The Swiss government already publishes many press releases in English, but hearing English described as a Swiss language – de facto or not – is enough to make some Swiss dizzy.

In September 2000 the head of education for canton Zurich (education is a cantonal issue in Switzerland) announced that English, rather than French, would be the first foreign language taught in schools. The following day, the French-language newspaper Le Temps asked whether the inclusion of English in the canton’s school curriculum spelt the “end of Switzerland”. This was also the phrase used by Ticino politician Chiara Simoneschi-Cortesi in 2009, when she was president of the House of Representatives, warning about what she thought would happen if English became the language of communication between the Swiss.

Many people, particularly in the French- and Italian-speaking parts of the country, fear that teaching English ahead of Swiss national languages would weaken or even undo the social glue that holds Switzerland together.

“That English is useful does not mean it is useful for everything,” concluded a study on languages and the economy by the University of Geneva in 2016. “To understand French-speaking Switzerland, one must speak French. To know German-speaking Switzerland, one must speak German and at least understand Swiss-German to some extent.”

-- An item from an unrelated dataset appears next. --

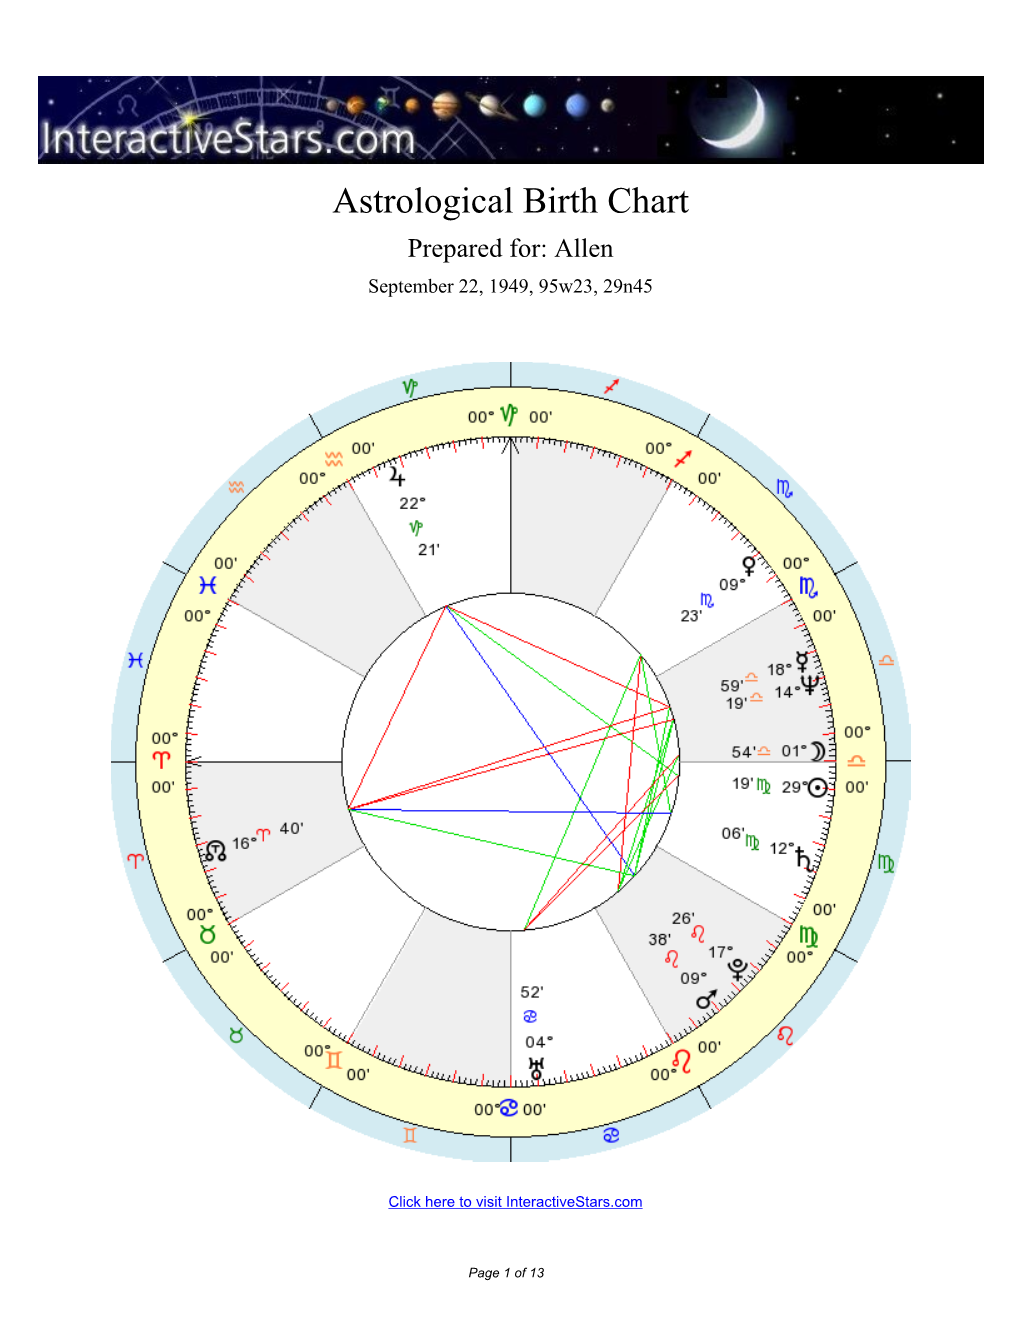 Astrological Birth Chart Prepared For: Allen September 22, 1949, 95W23, 29N45

In 2017 voters in canton Zurich decided that pupils would continue to learn English from age seven and French from age 11.

Two sides

When it comes to teaching English or a national language, Morrissey says there are basically two arguments.

“A utilitarian argumentation would be ‘let’s go for English’. And in fact this is how the debate in Zurich and other places has been sorted,” he said. In other words, English is considered more useful for German-speakers than French or Italian.

“The other argument, about national cohesion, is fairly old. To what degree it actually washes, I’m not convinced. I do feel to a large degree that Switzerland has a cohesion which is fairly firm. There’s a nationalistic element to it; there’s an economic element to it. I don’t think language plays that much of a role, but it’s kind of a banner that we like to rally behind,” he said.

“But if people couldn’t speak each other’s national language – Italian and Romansh are cases in point – it’s highly unlikely the country would fall apart.”

So speaking English isn’t a problem? “I don’t know if it’s a problem. If it helps communication, then it’s certainly not a bad thing. It is perhaps a little bit of an impoverishment of the language repertoire that you could have. But I don’t think there’s anything we can do, because people will use whichever channel of communication works,” he said.

“I tell my students that communication is the epitome of the path of least resistance. You communicate in whichever shape or fashion that creates the fewest obstacles.”